2. Connect with your child’s reading and homework
Teachers know which parents are reading with their kids and supporting homework in productive ways. One of the greatest gifts you can give your children (and their teachers) is reading to, with or in front of them throughout their early school years. Finding just 15 minutes to read every day influences your child in many ways. Reading the class newsletter or website helps you reinforce at home what your kids are learning at school. Make sure homework is done, but don’t do it yourself or correct it. Homework helps teachers identify which kids understand the material and which need a reteach.

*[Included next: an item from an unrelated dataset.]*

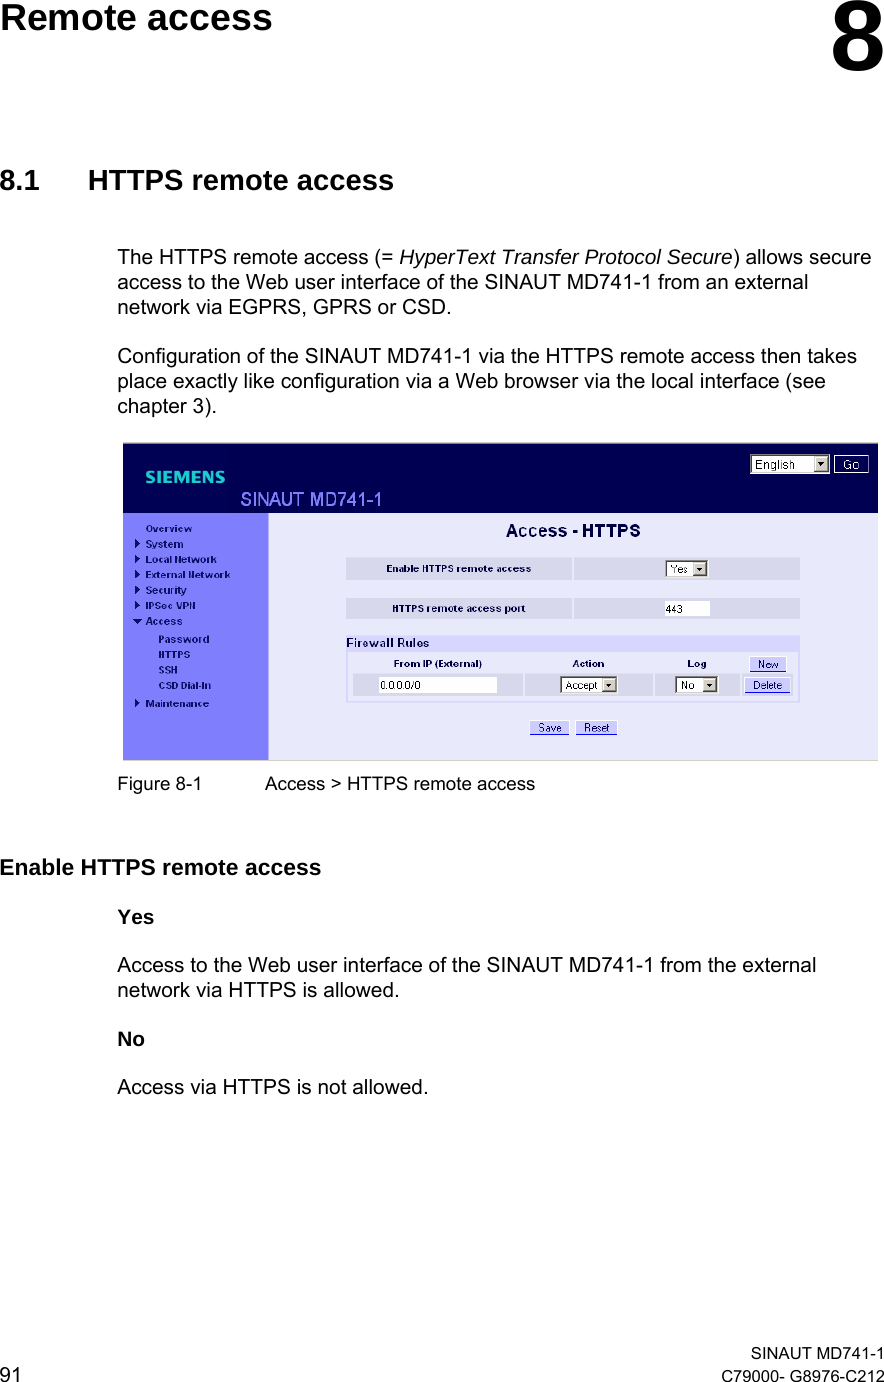   SINAUT MD741-1 91  C79000- G8976-C212    Remote access  88.1  HTTPS remote access The HTTPS remote access (= HyperText Transfer Protocol Secure) allows secure access to the Web user interface of the SINAUT MD741-1 from an external network via EGPRS, GPRS or CSD.  Configuration of the SINAUT MD741-1 via the HTTPS remote access then takes place exactly like configuration via a Web browser via the local interface (see chapter 3).    Figure 8-1  Access &gt; HTTPS remote access Enable HTTPS remote access  Yes  Access to the Web user interface of the SINAUT MD741-1 from the external network via HTTPS is allowed. No  Access via HTTPS is not allowed. 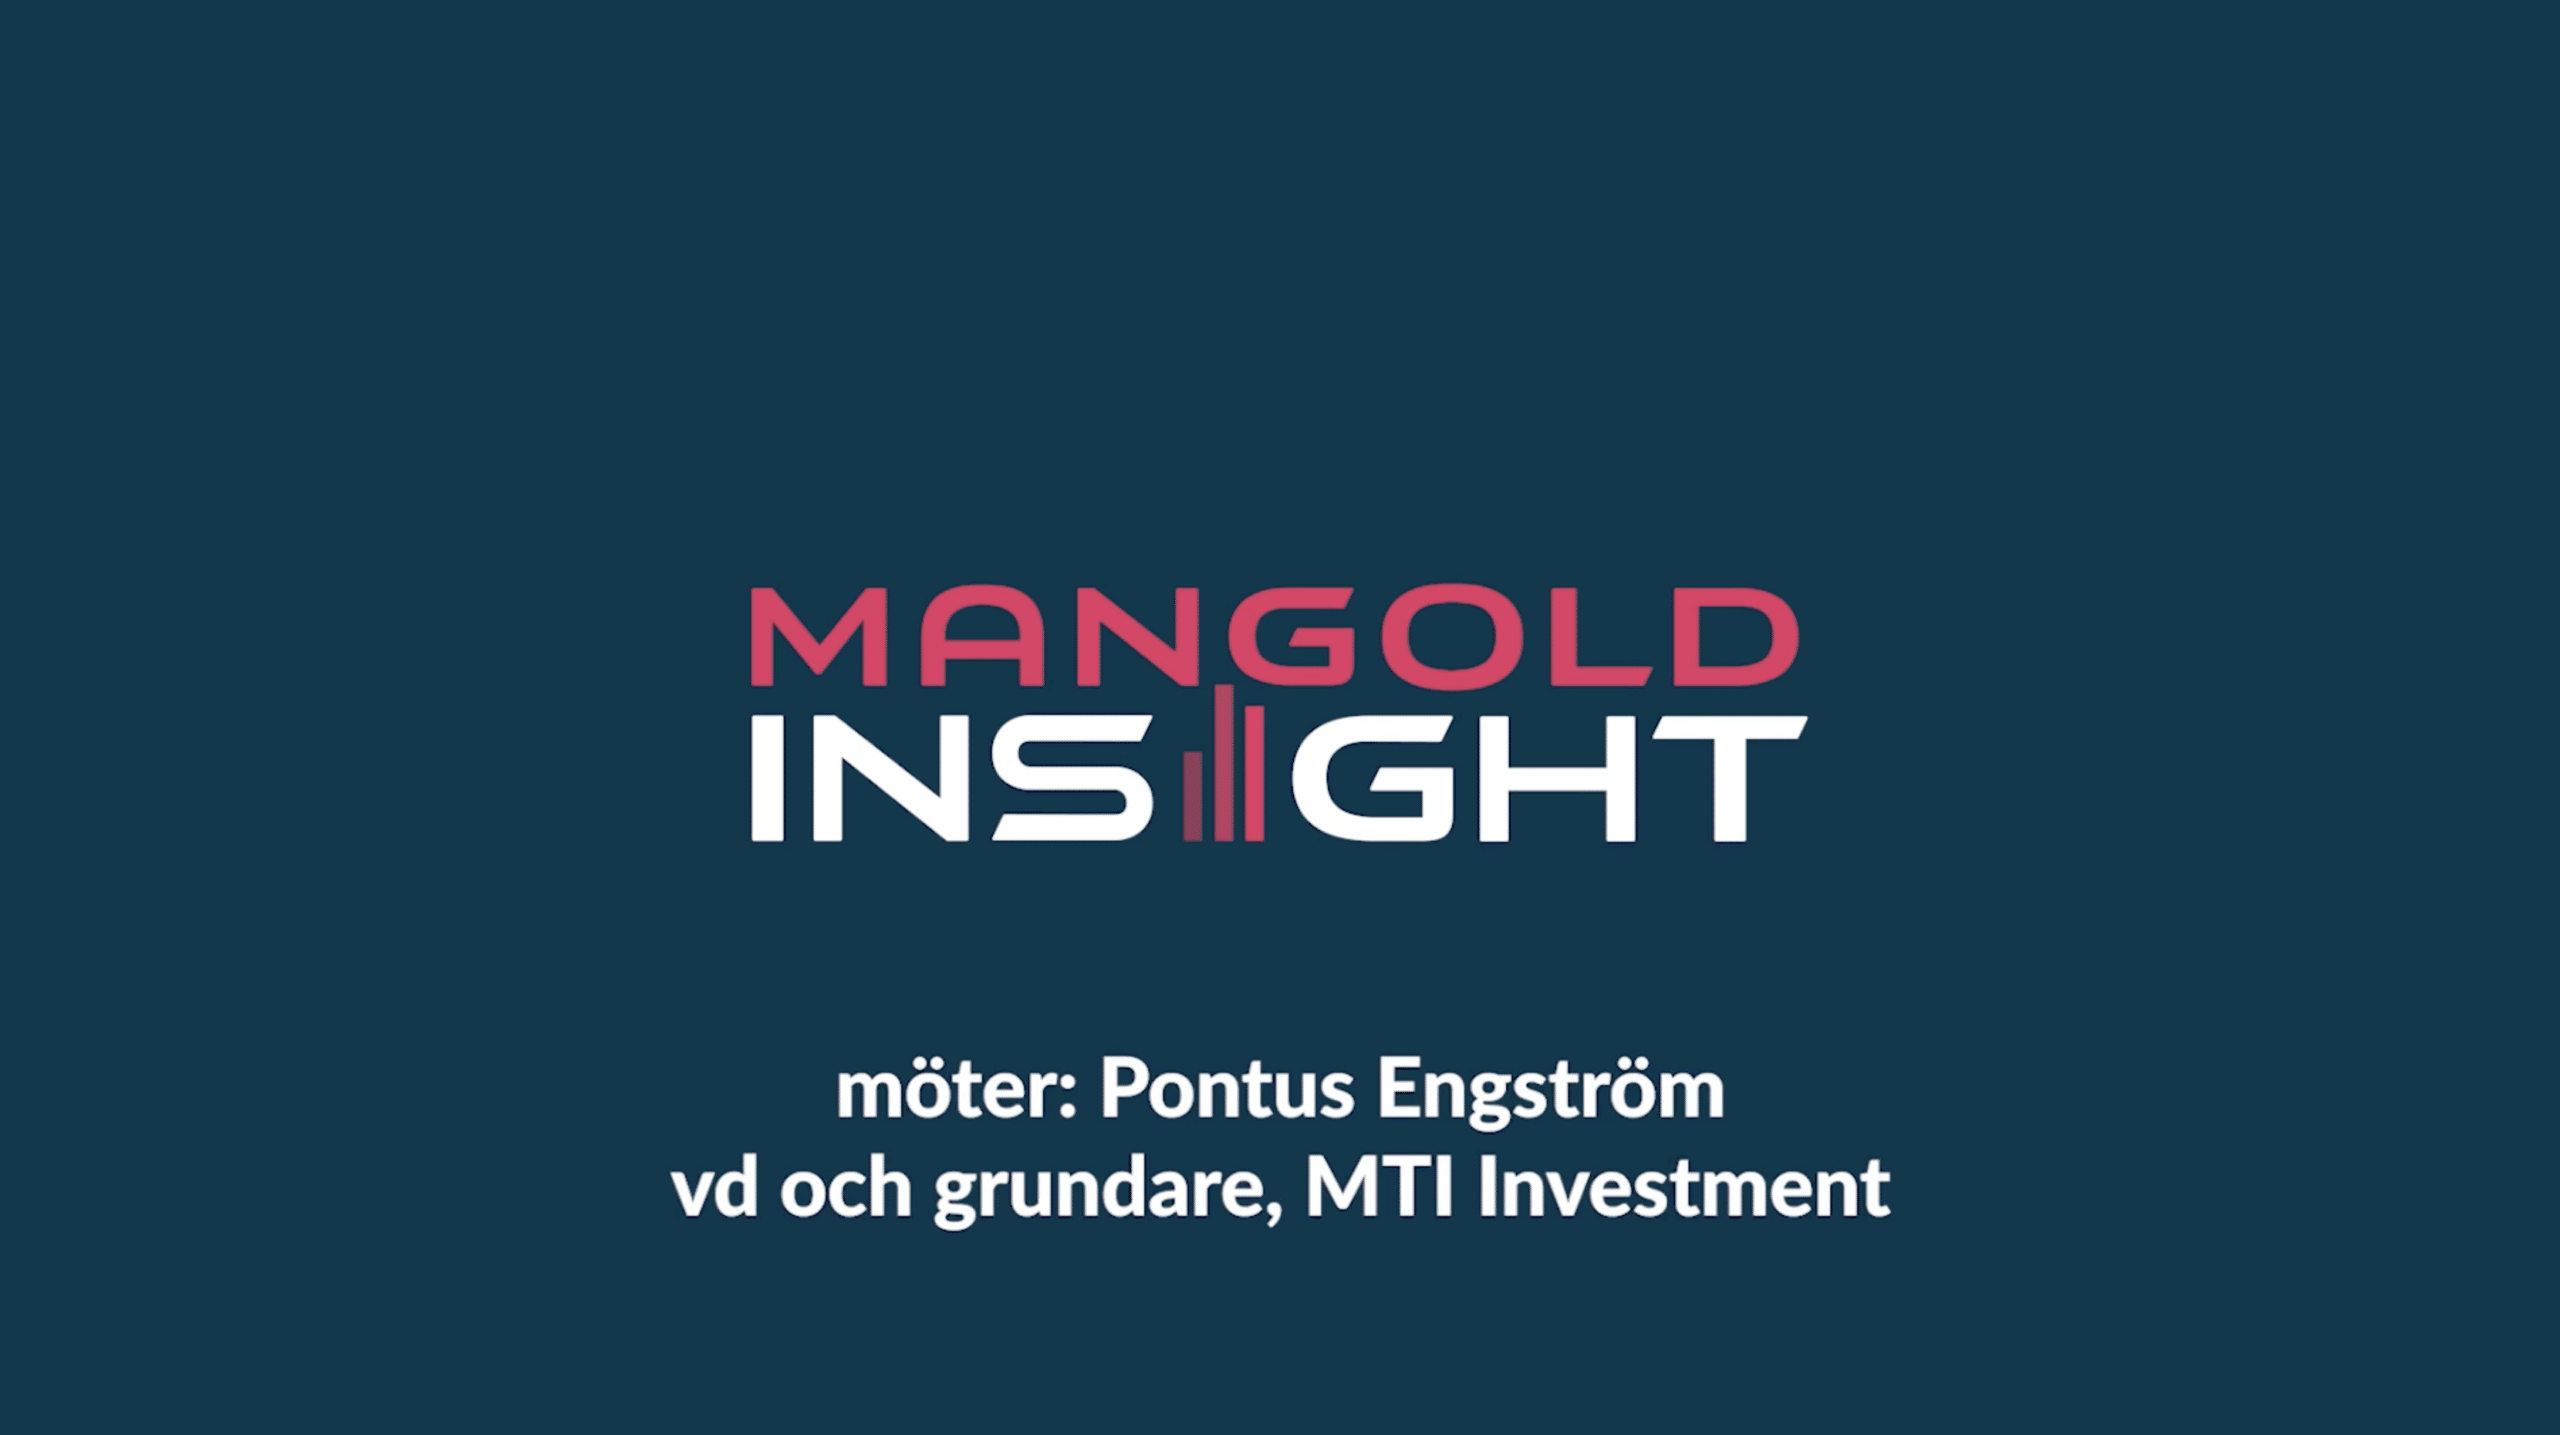 Promo poster of the Mangold Insight

3. Communicate effectively
Everything you write or say to your child’s teacher either strengthens or weakens the bridge you’re building. How you communicate with teachers also plays a big role in whether your concerns are heard - and how quickly they are addressed. Use my Power of P3 to keep messages focused and productive. Start out on a Positive note whether you’re communicating via note, email, phone or in person. Be Professional (polite and respectful in your observations and feelings) and Persistent when needed. Discuss issues on the phone or in parent-teacher conferences, not via email. And never go over the teacher’s head without letting him or her know you plan to do so. It’s not always easy to follow P3, especially if you feel frustrated about your child’s situation. But when blame and accusations seep into your communication, teachers will defend their actions rather than respond to your concerns.
4. Say “thank you” in words and actions
With higher curriculum standards, new teacher evaluations and endless testing, teachers are under a lot of pressure today. Acknowledge and support their efforts by sending a thank-you note or saying thanks when you see them. Even better, have your child write a thank-you note. If you can, send in materials when teachers ask for them. Most teachers spend their own money on classroom supplies and appreciate whatever help parents can give.
Showing up for conferences and volunteering in the classroom are important, but need to be combined with the above to build a positive relationship with your child’s teacher.